確實,朝貢禮的刺殺後在清風觀養傷那段時間讓蕭祈幾乎完全了解了霍長今的身體。

霍長今耳朵更紅了,立刻系好衣帶,她好歹比蕭祈大那麽多,怎麽總被她輕薄?

忽然,蕭祈收斂了情緒,認真的問她:“你心口那道傷,養了多久?”

霍長今先是一怔又無意識的捂著胸口,那裏有一道幾乎要了她性命的箭傷,那時玉門關血戰,她救下了蕭渙自己卻中了一箭,要不是霍璇的軟甲讓那箭停住了半寸,否則她就葬身於異國他鄉了,至於養了多久,她好像也記不清了,只記得那場戰役雙方兩敗俱傷,霍家軍傷亡慘重,修養了好久,重整旗鼓的時候卻接到了風雲默的談判。

“兩個多月吧。”霍長今的聲音帶著不確定性,“記不清了,不重要。”

“不重要?”蕭祈皺起眉頭,語氣緊張,“霍長今,在你的眼中什麽算重要?”

霍長今:“......”

“你知不知道,徐太醫說……”蕭祈哽咽道,“那箭……再深些……你就死了。”

“我……”霍長今語氣一滯,“你看我這不是好好的?”

蕭祈撇了撇嘴,努力忍著眼淚,倔強的不讓它跳出眼眶。

窗外冷風呼嘯,殿內炭火劈啪。

霍長今為了緩解尷尬,漫無目的地環顧四周,目光忽然停在了墻上的一幅畫上。

畫中少女約莫十五六歲,眉目如畫,一襲素白長裙立於梅樹下,唇角含笑,卻掩不住眼底的哀愁。

蕭祈的昭陽殿她再熟悉不過了,那畫她從來沒見過。

“那是誰?”霍長今微微蹙眉,“總覺得……有些眼熟。”

蕭祈動作一頓,擡眸望去,眼中帶上了心痛和悲憫,半晌才輕聲道:

“明皓公主,蕭書璃。

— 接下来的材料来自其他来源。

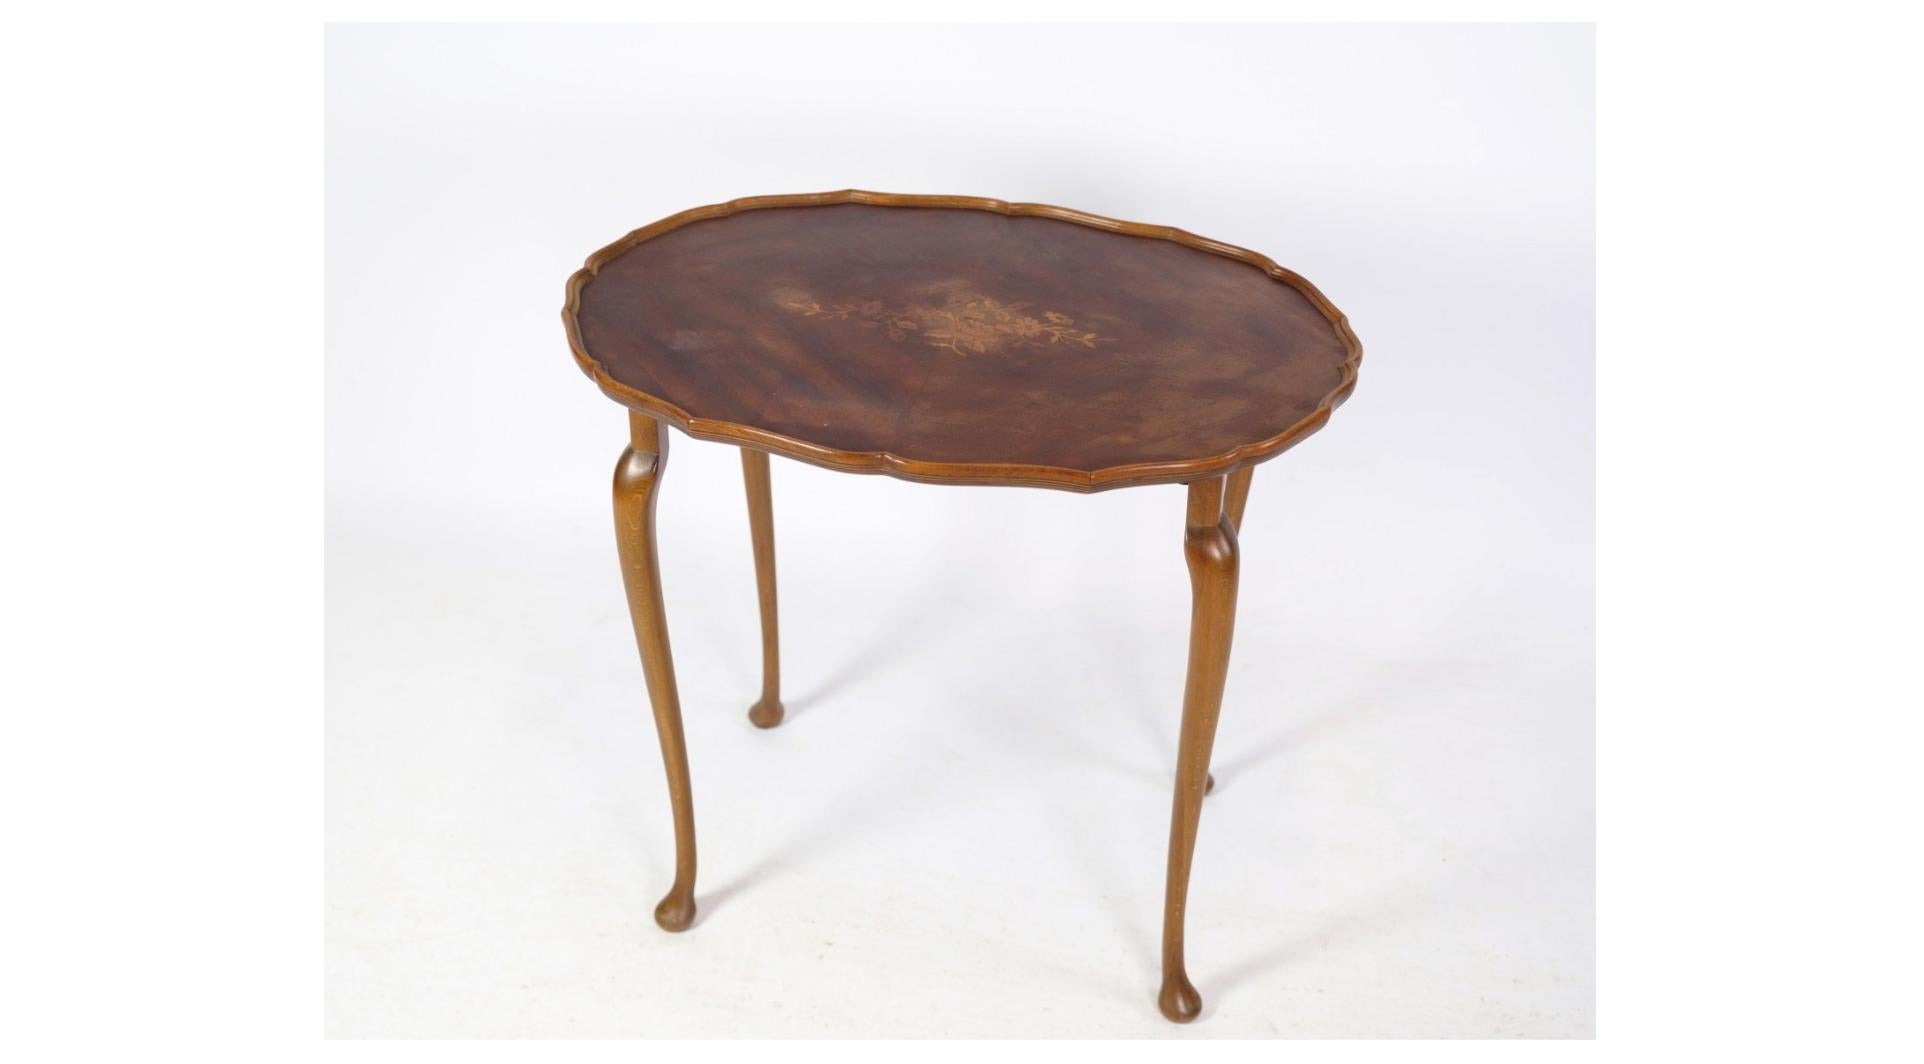 A captivating set of three insert tables adorned with neo-Rococo-style marquetry, dating back to the 1960s. These exquisite tables showcase the intricate craftsmanship and ornate design elements characteristic of the neo-Rococo period, adding a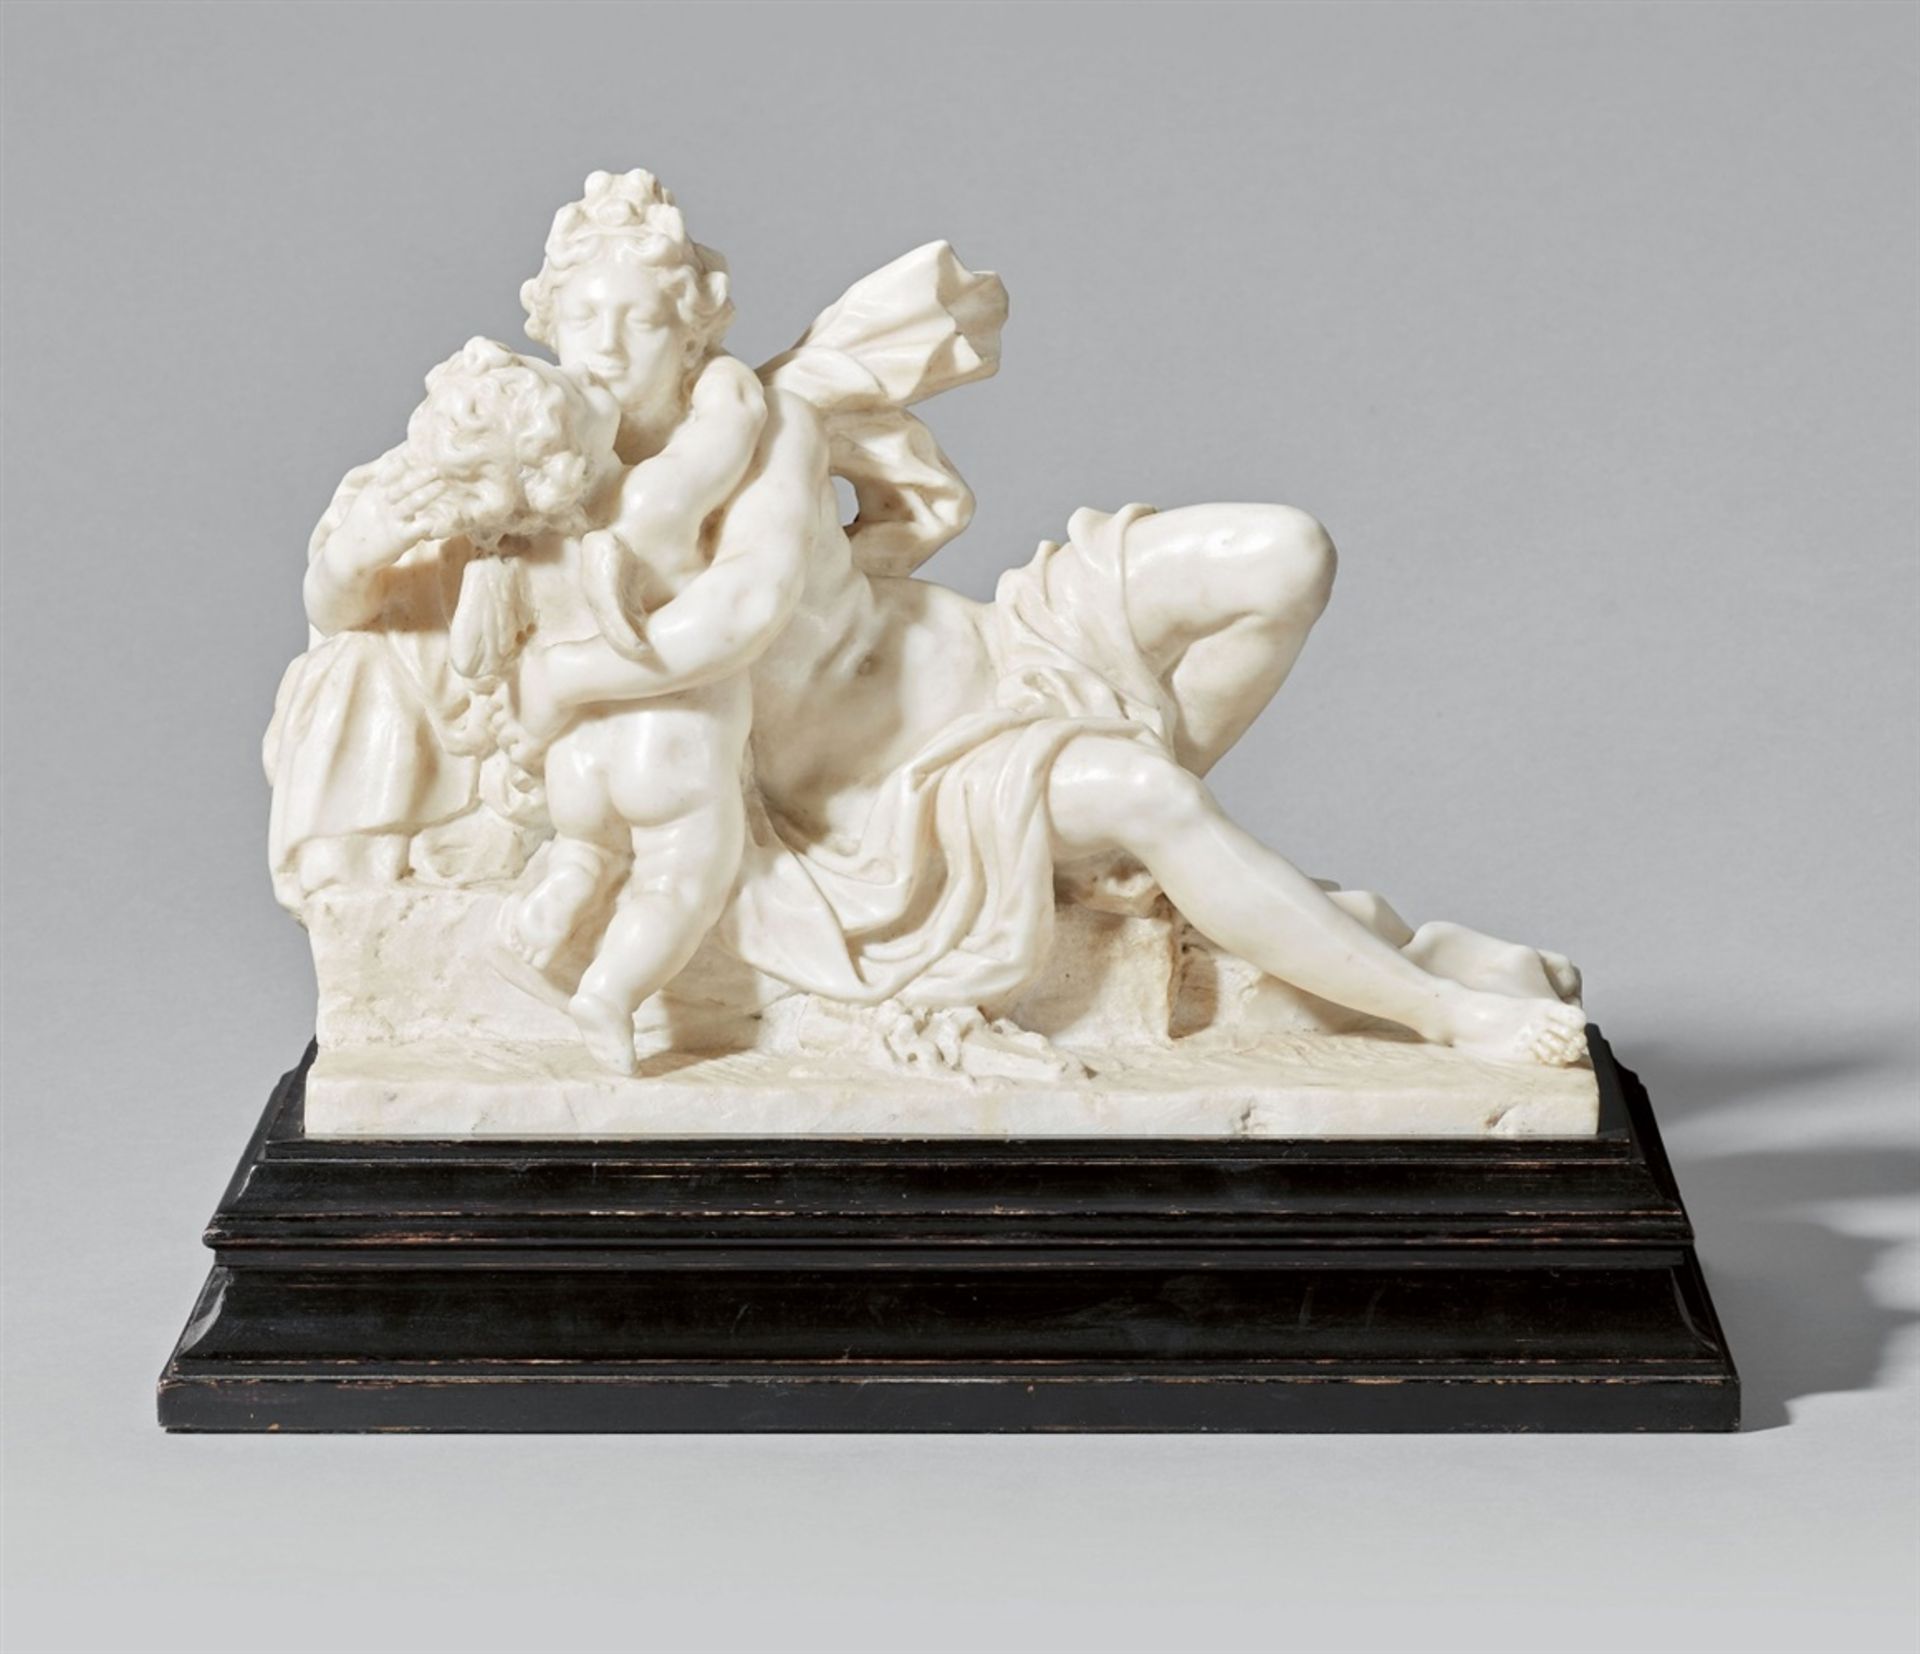 A white marble group of Venus and CupidOn an ebonised wood base. Venus is depicted with long flowing - Bild 2 aus 4

”

霍長今一怔。

她不知道蕭書璃是誰,但她知道明皓公主,是平安王的長女康樂郡主。

“是十年前嫁去北遼的那位和親公主?”霍長今的心突然揪了一下。

蕭祈點頭,把一旁的茶遞給了她。

霍長今沒接,只是盯著那幅畫,忽然想起什麽,猛地坐直了身子,牽動傷口,疼得“嘶”了一聲。

“你慢點!”蕭祈連忙扶住她。

霍長今卻一把抓住她的手腕,眼底閃過一絲難以置信。

“我見過她。”

確實見過,但沒有見到正面,只是一個很模糊、很孤獨、很淒涼的送嫁馬車。

十五歲那年,霍長今第一次隨父出征,為防止北遼南下,霍家軍奉命駐守北境。

寒風凜冽,戰旗獵獵。

北辰大勝,北遼退兵百裏,可議和的使臣卻帶來了一道荒謬的聖旨——

明皓公主秀外慧中適配北遼王上。

那位“適配”夫君大了她整整二十一歲。

那晚,霍長今聽見消息,氣的發了脾氣。

“憑什麽?!”她紅著眼質問父親,“爹,明明是我們贏了!”

霍臻沈默良久,只拍了拍她的肩。

“今兒,這是聖旨。”

霍長今怒吼:“我管他什麽聖旨!我們不是贏了嗎?為什麽還要送公主和親?”

“長今!”父親打斷她,聲音低沈,“慎言!”

“爹!”

霍臻長嘆一口氣,試圖安撫女兒:“北遼和北辰僵持多年,燕雲之地絕不能丟,如今,和親也是為了大局著想。”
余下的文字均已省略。